Experiment - RPC Hash Table
It's possible to implement a very trivial hash table in UPC++ which uses remote procedure calls to trigger an insert()
or find()
operation in a local std::unordered_map
on a remote process. Implement this. How do the results compare to the hash table that you implemented? Discuss why the performance is or is not different. Does the way you're using the network affect your results? Any differences on Cori Phase II, which has Intel Xeon Phi KNL processors?
Resources
UPC++
- First, we recommend you look at the UPC++ Programmer's Guide.
- For more niche usage, the UPC++ Specification is also useful.
- CS 267 Lecture Notes on PGAS Languages and UPC++.
- For UPC++-specific questions and problems, try the UPC++ Google Group.
Genome Assembly
- For general information about Evangelos Georganas' work on parallel genome assembly, upon which this homework is based, the first few chapters of his thesis are excellent.

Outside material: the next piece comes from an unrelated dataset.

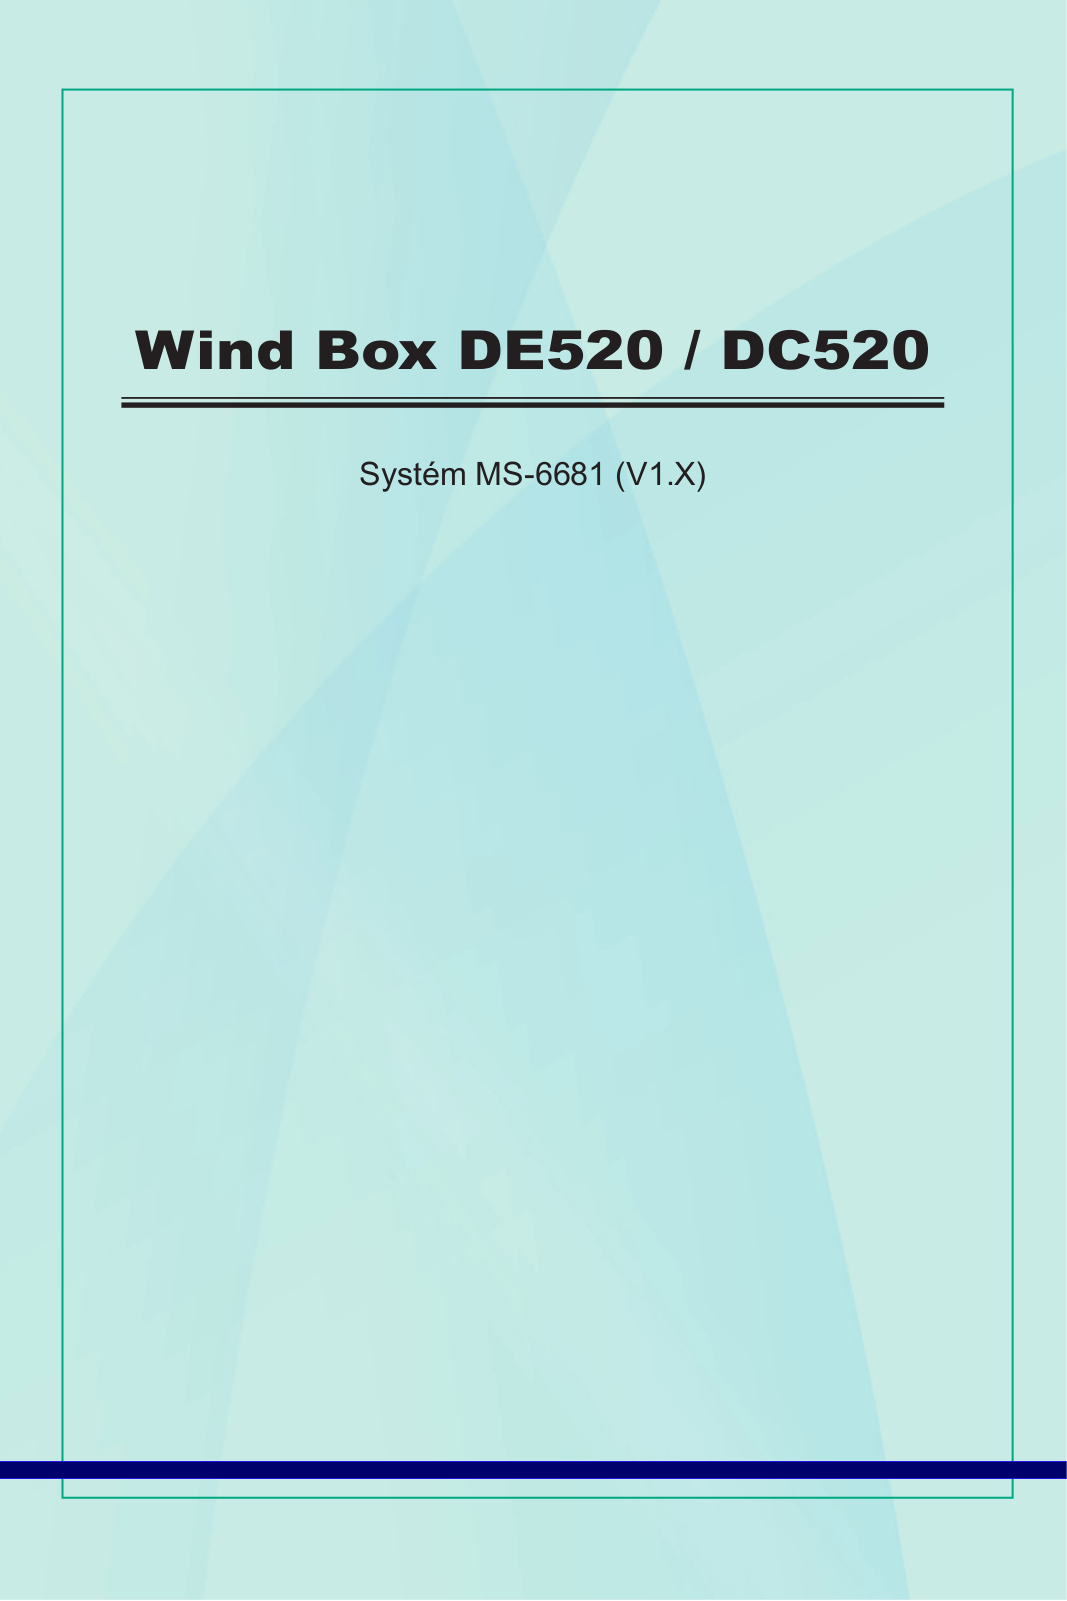 Msi WIND BOX DE520, WIND BOX DC520 User Manual

- For information about the production version of this phase of the genome assembly pipeline, see this SC14 paper.
Parallel Programming Languages
- You can read a high-level overview of UPC++ in this extended abstract.
- Titanium, UPC, and UPC++ are all parallel languages developed here in Berkeley.
- I find this early paper on Titanium quite interesting, as there are a lot of pioneering features for such an early project. Smart pointers, in distributed memory, in 1998!
References
[1] Jarrod A. Chapman, Isaac Ho, Sirisha Sunkara, Shujun Luo, Gary P. Schroth, and Daniel S. Rokhsar. Meraculous: De novo genome assembly with short paired-end reads. PLoS ONE, 6(8):e23501, 08 2011.